Invierno en blanco

Invierno en blanco

carraceda

Se está quedando este invierno en blanco.

También en blanco tengo mi cabeza tras una gripe que no me ha dejado moverme del sitio mientras las horas pasaban. Ni leer he podido. Y menos escribir una línea. Y ahora que lo intento, me cuesta como si el pensamiento tuviera también su entrenamiento y ese estarme tan quieta hace que no arranquen ahora las frases, o que me den mareos, como cuando me levanto y creo que ya estoy bien y tengo que volverme a la cama.

Aunque en casa estoy a gusto, puedo ver el frío que hace afuera en las bandadas de pinzones de pecho anaranjado que se juntan en los olmos para luego dejarse caer todos juntos como una hojarasca hasta el suelo, donde buscan bajo las hojas caídas, desesperados, algo de alimento que poder llevarse al pico para no morir de frío.

Por aquí no hay nieve todavía pero sí un manto blanco de dolor por todas las personas que se nos están marchando en este crudo invierno. Esta misma mañana Carmiña, siempre con una sonrisa en los ojos, con la bondad hasta el infinito en todas sus palabras, incluso cuando no decía nada y lo decía todo con la mirada. Y hace dos días, Moncho, siempre de guasa tras la seriedad de su gesto.

Gracias a Moncho, me casé antes de casarme. Apareció el que aún no era mi marido con el libro de familia firmado y todo. No hace mucho, la última vez que nos vimos, creo que fue en casa de Pitu, en lo alto de Mayal, con los liquidámbares llenos de colores de otoño en una tarde que parecía de verano, me contó Moncho que en Carraceda, a sus hermanos y a él, les llamaban “los correndiños”. No paraban.

La casa que fuera de ellos, está justo aquí detrás, una casa grande a la que se entra por un patio de piedra con alpendre; y tras la casa, una fuente con lavadero, un gran rododendro fucsia, y la vía del tren pasando justo por delante de las ventanas porque su padre o su abuelo, que me pierdo entre las generaciones, lo pidió así, ya que la única manera de estar comunicado era entonces la vía del tren.

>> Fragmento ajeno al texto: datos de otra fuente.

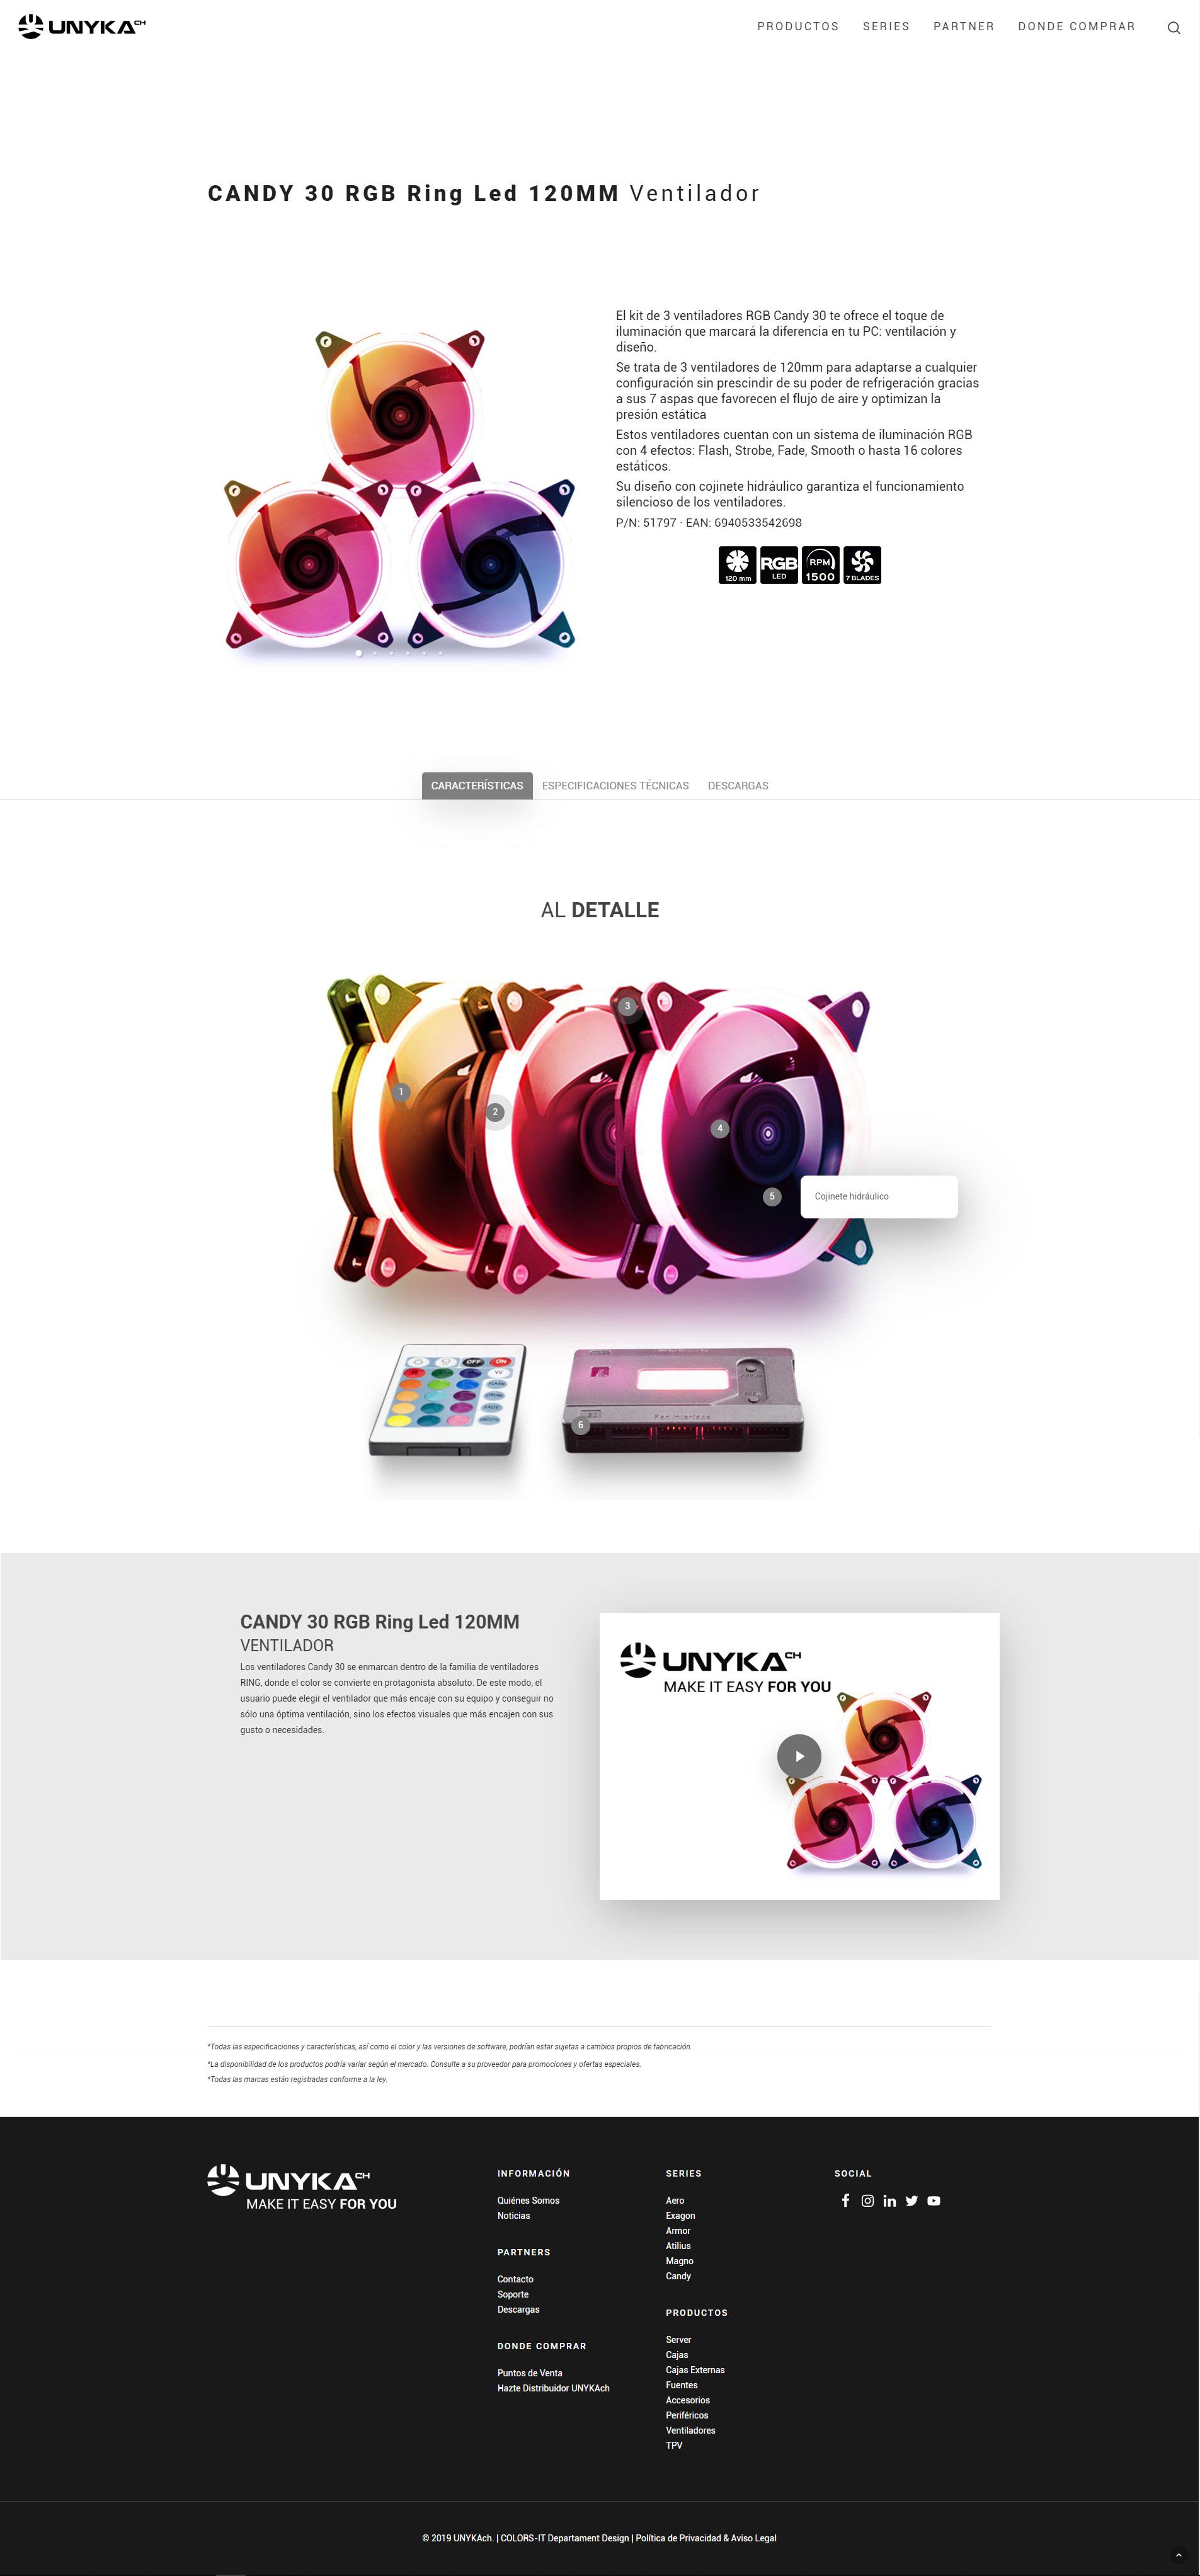 Unykach-2019-ventilador-candy30
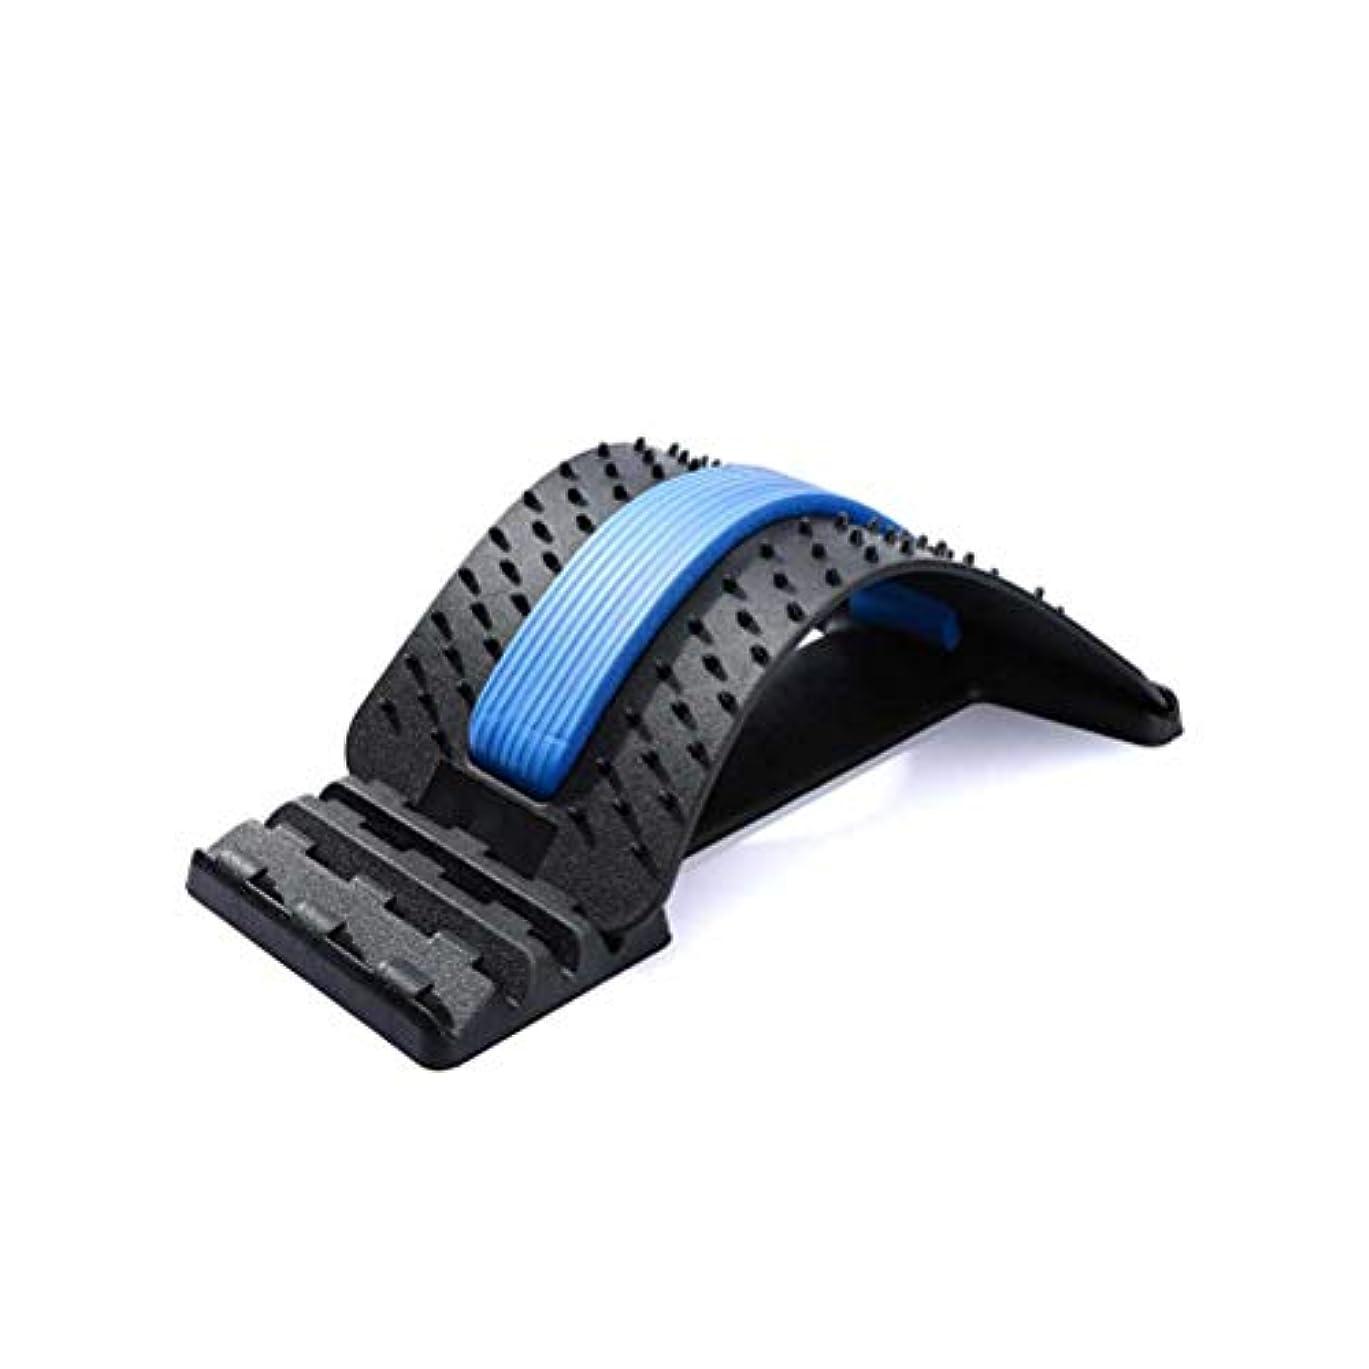 剥ぎ取る調整するキャンプHealifty バックストレッチャー脊椎の痛みを軽減する腰椎牽引ストレッチングデバイス姿勢矯正具

Incluso cuando yo vine a vivir aquí, sé de quien todavía prefería ir hasta el centro del pueblo andando por la vía que por las corredoiras llenas de misterio, belleza y barro, que son de las cosas más bonitas que tiene, sin saberlo, este pueblo, además de sus dos ríos donde Moncho, desde niño, imagino, pescaba.

Porque no he conocido mejor pescador de río que Moncho. Él mismo fabricaba los aparejos, y hacía unas moscas de todos los colores que había visto en el río, porque cada una tenía su lugar y su hora y su día, de manera que toda la variedad de moscas de mayo que a la Naturaleza le costó millones de años de evolución, las había recreado Moncho con sus manos y una máquina pequeña como de coser, y las había ido pinchando en cuadros que son dignos de un museo.

Siempre me quedé con las ganas de pedirle que me enseñara a pescar. Era una pesca sin muerte porque de lo que se trataba era de otra cosa, que es estar en el río, sin hacer nada, con la mente en blanco, viendo pasar el agua y viéndolo a la vez todo, la manera en la que caen los frondes del helecho real, el brillo del agua negra, el dorado del verdín de las piedras, las prímulas recién florecidas, las anémonas blancas en la orilla, el mirlo de río buceando, y el olor y el silencio y el sonido del agua y del bosque de ribera, y la curva que hace el río con la corriente, y esa hora que es la de la mosca, cuando brillan como espejos las alas de millones de diminutos insectos en la última luz de la tarde sobre el agua. Pura magia.

Me da rabia no tener hoy la cabeza más en mi sitio para poder escribir con la facilidad con la que Moncho pescaba.

Pero no vamos a olvidarle nunca porque por aquí pasan dos ríos que nos lo recordarán cada día.